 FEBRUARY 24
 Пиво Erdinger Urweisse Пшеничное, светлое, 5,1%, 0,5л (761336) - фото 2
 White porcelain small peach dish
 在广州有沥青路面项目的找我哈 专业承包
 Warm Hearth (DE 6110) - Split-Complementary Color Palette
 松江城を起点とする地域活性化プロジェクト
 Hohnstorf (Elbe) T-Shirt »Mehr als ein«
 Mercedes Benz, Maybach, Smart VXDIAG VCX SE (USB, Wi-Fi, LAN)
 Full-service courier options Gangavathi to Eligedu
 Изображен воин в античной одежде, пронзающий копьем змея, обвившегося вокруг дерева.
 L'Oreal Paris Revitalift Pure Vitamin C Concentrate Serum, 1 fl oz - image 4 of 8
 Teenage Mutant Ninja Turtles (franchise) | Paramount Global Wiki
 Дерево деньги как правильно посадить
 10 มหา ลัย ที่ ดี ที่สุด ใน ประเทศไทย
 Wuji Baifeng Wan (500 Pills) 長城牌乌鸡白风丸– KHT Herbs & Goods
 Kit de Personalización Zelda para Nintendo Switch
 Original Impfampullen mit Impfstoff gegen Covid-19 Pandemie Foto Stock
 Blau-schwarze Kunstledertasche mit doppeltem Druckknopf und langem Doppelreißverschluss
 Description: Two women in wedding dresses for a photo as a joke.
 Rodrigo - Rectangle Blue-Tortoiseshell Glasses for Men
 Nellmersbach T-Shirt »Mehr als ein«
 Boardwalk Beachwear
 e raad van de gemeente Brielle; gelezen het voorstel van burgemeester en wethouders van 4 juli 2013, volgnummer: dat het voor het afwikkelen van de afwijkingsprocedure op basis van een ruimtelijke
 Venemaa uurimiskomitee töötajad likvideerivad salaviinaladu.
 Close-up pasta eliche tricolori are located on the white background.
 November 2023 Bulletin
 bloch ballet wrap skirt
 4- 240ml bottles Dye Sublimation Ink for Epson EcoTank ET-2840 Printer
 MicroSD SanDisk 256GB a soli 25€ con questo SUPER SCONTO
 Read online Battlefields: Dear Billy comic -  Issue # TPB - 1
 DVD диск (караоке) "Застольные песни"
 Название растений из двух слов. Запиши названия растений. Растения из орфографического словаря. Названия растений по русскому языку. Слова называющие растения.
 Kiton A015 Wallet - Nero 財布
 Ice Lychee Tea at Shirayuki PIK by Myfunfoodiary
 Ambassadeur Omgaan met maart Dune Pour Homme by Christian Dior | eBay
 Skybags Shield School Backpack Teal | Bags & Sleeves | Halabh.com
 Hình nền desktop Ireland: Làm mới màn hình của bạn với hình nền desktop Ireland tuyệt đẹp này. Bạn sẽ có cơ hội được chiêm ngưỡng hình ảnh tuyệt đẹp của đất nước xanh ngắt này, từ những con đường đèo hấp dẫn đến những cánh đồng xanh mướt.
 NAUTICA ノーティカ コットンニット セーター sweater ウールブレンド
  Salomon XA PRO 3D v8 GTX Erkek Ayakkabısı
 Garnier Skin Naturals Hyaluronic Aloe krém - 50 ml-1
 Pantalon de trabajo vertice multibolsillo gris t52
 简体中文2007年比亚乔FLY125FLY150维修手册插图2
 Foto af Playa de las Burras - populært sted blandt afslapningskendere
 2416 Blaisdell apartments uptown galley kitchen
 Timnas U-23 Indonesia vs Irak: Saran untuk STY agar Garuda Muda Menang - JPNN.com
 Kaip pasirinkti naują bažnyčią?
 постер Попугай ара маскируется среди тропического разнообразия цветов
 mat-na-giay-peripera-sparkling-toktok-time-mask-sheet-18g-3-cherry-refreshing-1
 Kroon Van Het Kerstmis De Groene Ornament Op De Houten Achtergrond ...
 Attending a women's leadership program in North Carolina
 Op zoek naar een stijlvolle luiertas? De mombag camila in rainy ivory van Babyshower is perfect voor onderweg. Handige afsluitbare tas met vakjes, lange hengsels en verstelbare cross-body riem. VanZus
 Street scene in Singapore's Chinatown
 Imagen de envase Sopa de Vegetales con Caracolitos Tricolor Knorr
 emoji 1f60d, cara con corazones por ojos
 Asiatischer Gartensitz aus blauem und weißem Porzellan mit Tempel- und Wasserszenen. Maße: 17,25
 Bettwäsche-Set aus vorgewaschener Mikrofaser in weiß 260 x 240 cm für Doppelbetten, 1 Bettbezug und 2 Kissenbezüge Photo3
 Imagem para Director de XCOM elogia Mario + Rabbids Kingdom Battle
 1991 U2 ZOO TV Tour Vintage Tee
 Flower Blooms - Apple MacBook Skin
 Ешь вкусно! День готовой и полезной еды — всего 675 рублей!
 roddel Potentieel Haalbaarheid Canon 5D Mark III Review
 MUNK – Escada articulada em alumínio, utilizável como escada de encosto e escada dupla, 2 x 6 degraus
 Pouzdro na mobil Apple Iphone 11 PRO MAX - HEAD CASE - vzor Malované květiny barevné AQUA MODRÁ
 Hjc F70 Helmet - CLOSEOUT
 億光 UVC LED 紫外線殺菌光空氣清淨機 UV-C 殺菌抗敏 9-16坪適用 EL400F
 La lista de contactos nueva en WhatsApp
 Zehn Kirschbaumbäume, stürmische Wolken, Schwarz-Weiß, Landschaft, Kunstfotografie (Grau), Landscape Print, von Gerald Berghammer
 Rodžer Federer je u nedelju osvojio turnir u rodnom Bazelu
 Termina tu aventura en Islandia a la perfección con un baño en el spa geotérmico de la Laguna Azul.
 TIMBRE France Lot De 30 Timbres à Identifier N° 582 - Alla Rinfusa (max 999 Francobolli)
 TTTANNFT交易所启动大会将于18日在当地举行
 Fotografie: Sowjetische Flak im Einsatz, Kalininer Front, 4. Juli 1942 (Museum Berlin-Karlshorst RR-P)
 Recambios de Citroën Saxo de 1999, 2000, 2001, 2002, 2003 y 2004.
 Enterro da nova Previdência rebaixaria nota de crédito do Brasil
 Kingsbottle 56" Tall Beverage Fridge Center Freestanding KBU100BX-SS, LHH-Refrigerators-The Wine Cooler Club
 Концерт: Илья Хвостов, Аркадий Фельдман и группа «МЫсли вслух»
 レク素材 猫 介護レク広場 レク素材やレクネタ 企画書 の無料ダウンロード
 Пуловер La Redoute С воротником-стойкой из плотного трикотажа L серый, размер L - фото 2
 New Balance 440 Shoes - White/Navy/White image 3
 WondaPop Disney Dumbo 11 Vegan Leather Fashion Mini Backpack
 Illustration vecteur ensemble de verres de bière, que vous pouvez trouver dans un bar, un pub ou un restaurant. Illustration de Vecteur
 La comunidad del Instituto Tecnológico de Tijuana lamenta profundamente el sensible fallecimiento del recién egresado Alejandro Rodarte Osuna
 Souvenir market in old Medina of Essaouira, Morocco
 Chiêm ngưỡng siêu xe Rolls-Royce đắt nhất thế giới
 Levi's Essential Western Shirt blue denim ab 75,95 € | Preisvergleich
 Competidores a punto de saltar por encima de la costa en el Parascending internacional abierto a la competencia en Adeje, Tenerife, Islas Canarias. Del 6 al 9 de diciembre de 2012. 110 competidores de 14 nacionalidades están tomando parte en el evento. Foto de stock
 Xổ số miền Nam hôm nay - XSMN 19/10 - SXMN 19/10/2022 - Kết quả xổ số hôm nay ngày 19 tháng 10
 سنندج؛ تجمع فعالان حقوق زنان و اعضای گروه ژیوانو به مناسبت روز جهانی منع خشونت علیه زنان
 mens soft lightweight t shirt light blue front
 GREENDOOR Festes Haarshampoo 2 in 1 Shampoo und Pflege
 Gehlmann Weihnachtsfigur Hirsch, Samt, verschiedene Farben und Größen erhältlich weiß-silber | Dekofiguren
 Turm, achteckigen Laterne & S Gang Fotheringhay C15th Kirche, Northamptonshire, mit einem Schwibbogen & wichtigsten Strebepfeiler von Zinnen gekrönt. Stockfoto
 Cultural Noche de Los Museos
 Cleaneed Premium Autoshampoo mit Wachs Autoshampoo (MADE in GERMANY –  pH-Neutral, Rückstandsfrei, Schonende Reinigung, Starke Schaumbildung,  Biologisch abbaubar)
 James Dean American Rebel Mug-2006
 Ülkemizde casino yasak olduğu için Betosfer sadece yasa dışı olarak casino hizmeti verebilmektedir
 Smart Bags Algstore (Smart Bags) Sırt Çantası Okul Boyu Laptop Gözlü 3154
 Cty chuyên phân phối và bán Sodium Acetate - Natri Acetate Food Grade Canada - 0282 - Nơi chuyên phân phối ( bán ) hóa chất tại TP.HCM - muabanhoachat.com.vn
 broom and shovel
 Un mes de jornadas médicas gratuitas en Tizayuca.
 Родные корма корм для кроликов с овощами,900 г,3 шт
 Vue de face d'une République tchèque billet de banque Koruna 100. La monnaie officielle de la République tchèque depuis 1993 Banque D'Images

__TASK BRIEF__
Reprint exactly the lines above that start at the one with "Imagem para Director" and end at the one with "Termina tu aventura", keeping both and adding none.

__OUTPUT__
 Imagem para Director de XCOM elogia Mario + Rabbids Kingdom Battle
 1991 U2 ZOO TV Tour Vintage Tee
 Flower Blooms - Apple MacBook Skin
 Ешь вкусно! День готовой и полезной еды — всего 675 рублей!
 roddel Potentieel Haalbaarheid Canon 5D Mark III Review
 MUNK – Escada articulada em alumínio, utilizável como escada de encosto e escada dupla, 2 x 6 degraus
 Pouzdro na mobil Apple Iphone 11 PRO MAX - HEAD CASE - vzor Malované květiny barevné AQUA MODRÁ
 Hjc F70 Helmet - CLOSEOUT
 億光 UVC LED 紫外線殺菌光空氣清淨機 UV-C 殺菌抗敏 9-16坪適用 EL400F
 La lista de contactos nueva en WhatsApp
 Zehn Kirschbaumbäume, stürmische Wolken, Schwarz-Weiß, Landschaft, Kunstfotografie (Grau), Landscape Print, von Gerald Berghammer
 Rodžer Federer je u nedelju osvojio turnir u rodnom Bazelu
 Termina tu aventura en Islandia a la perfección con un baño en el spa geotérmico de la Laguna Azul.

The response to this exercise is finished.